As today is St. Patrick’s Day it has me thinking about the color green. It’s not my favorite color but I do love nature where it’s everywhere, some people wear it very well and when it comes to interiors it has a quiet, moody feel about it. So I guess it all depends on the context in which it’s used. As I researched the color I came upon some beautiful renditions. Happy St. Patrick’s day to all who celebrate. For those who don’t, enjoy some fun trivia about Green.

The Meanings of Green
Since the beginning of time, green has signified growth, rebirth, and fertility. In pagan times, there was the “Green Man” – a symbol of fertility.  In Muslim countries, it is a holy color and in Ireland, a lucky color.

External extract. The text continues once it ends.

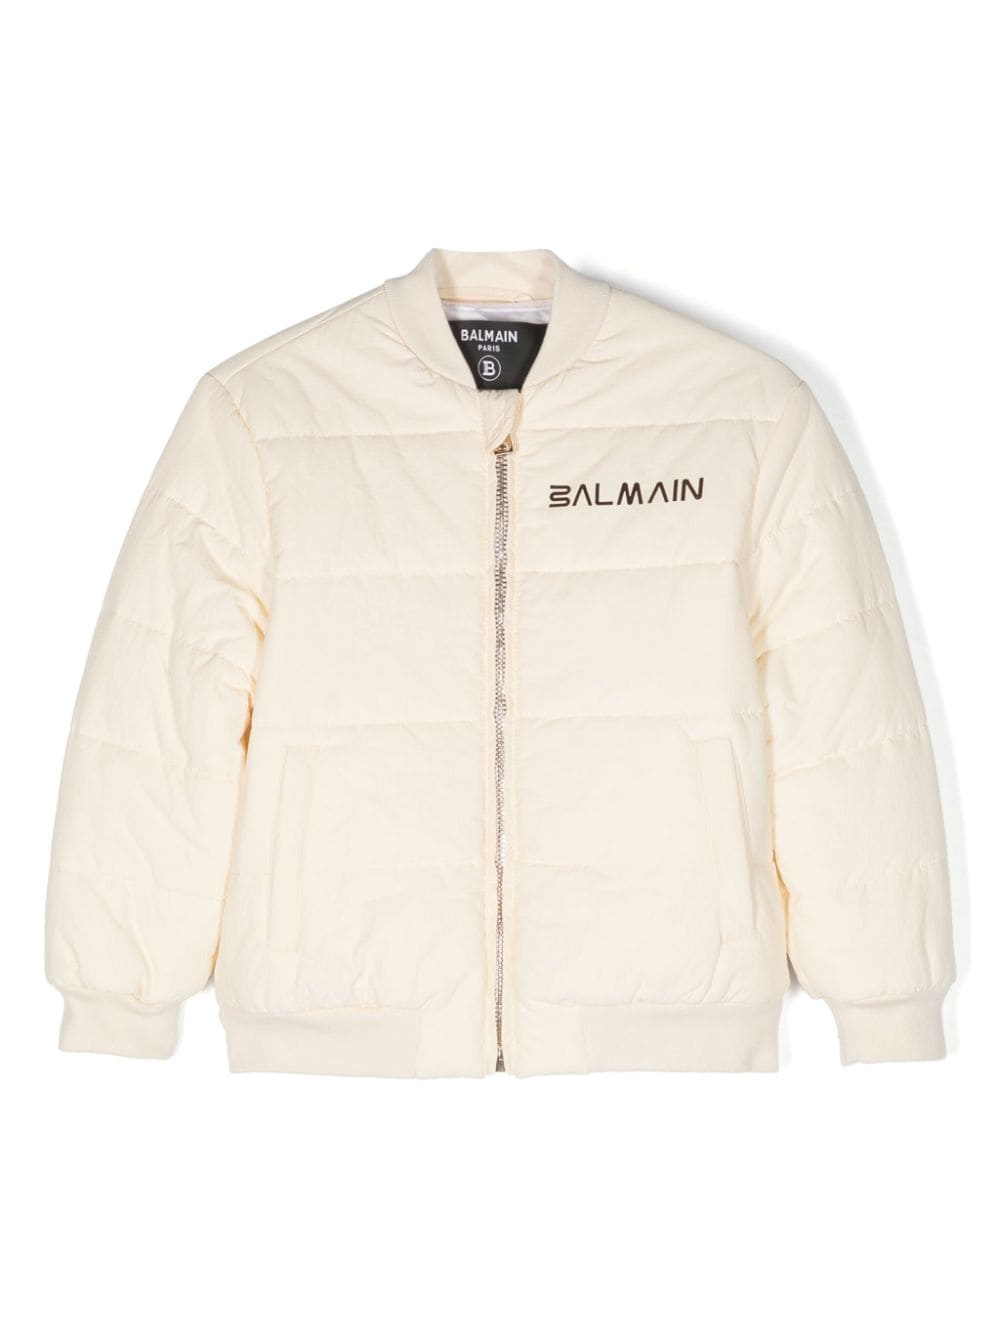 Balmain Kids' Logo-print Padded Bomber Jacket In Cream Colour

It was the color of the heavens in the Ming Dynasty.

Today’s greens can be found in a wide range of objects: pea soup, delicate celadon glazes, emeralds, wasabi, and sage. The English language reflects some strange attributes: Would you rather be green with envy, green behind the ears, or green around the gills?

Global Meaning of Green

  • Green is universally associated with nature.
  • Green symbolizes ecology and the environment.
  • Traffic lights are green all over the world.
  • In China, Green may symbolize infidelity. A green hat symbolizes that a man’s wife is cheating on him.
  • In Israel, green may symbolize bad news.
  • In Japan, the words for blue and green (ao) are the same.
  • In Spain, racy jokes are “green.”

Giovanni Arnolfini and His Bride
by Jan Van Eyck , 1434
The bride in this Renaissance masterpiece wears green as a symbol of her fertility. She is slouching in imitation of pregnancy, thus indicating her willingness to bear children.

In Celtic myths the Green man was the God of fertility.
Later in the millennium, Early Christians banned green because it had been used in pagan ceremonies.
Nevertheless, as evidenced by Van Eyck’s 15th Century wedding portrait, the color green was the best choice for the bride’s gown because of its earliest symbolism.

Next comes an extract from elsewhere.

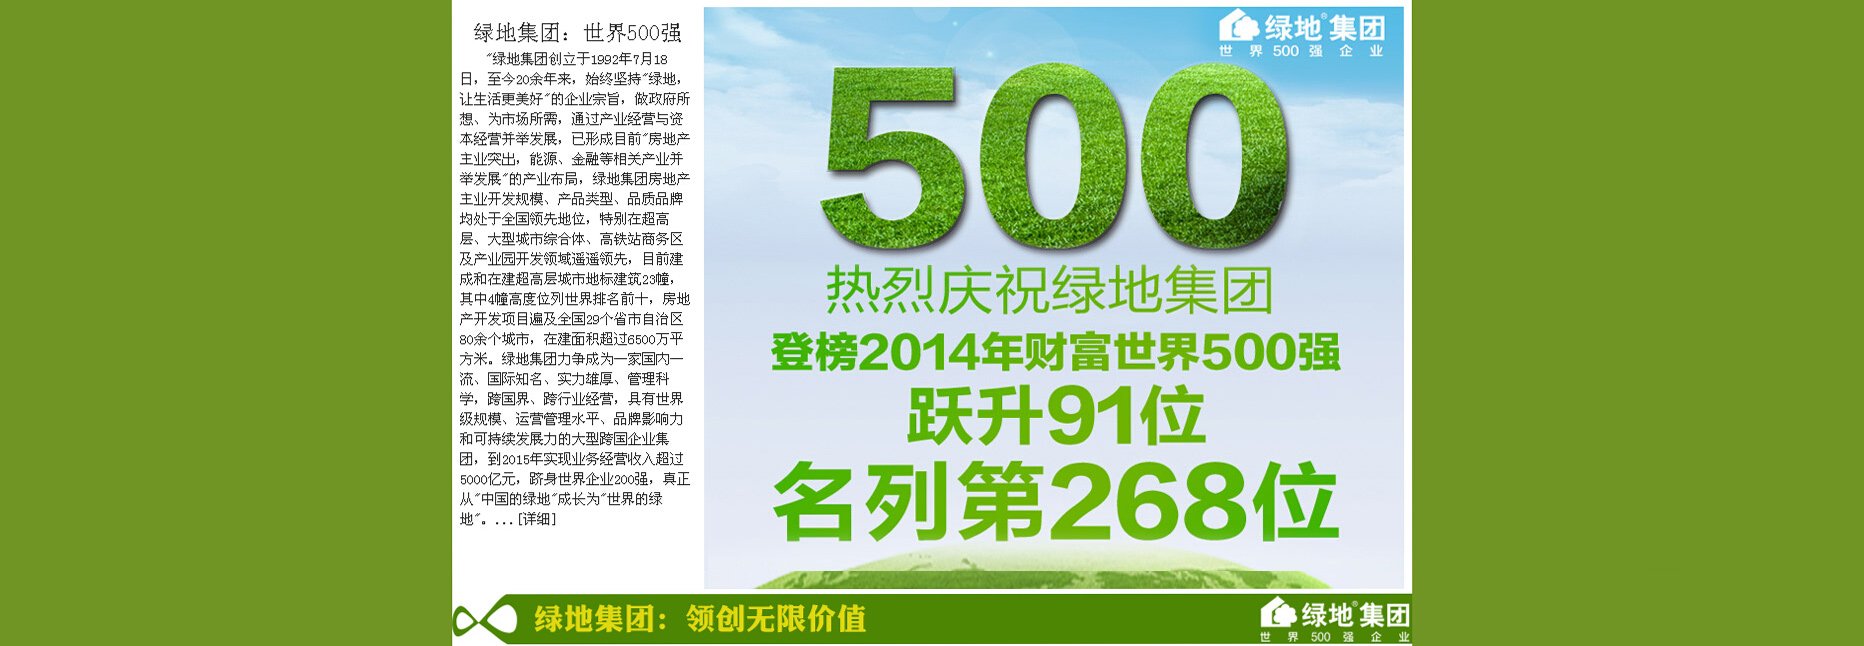 绿地集团世界500强最新排名-腾讯房产开封站

Of note is the continued symbolism attached to the color in the latter part of this century. Anyone who chooses a green m & m (an American candy which contains an assortment of different colored chocolate sweets) is sending a somewhat similar message. Green has been reinterpreted by late 20th century American culture to signify a state of heightened sexuality in this specific situation.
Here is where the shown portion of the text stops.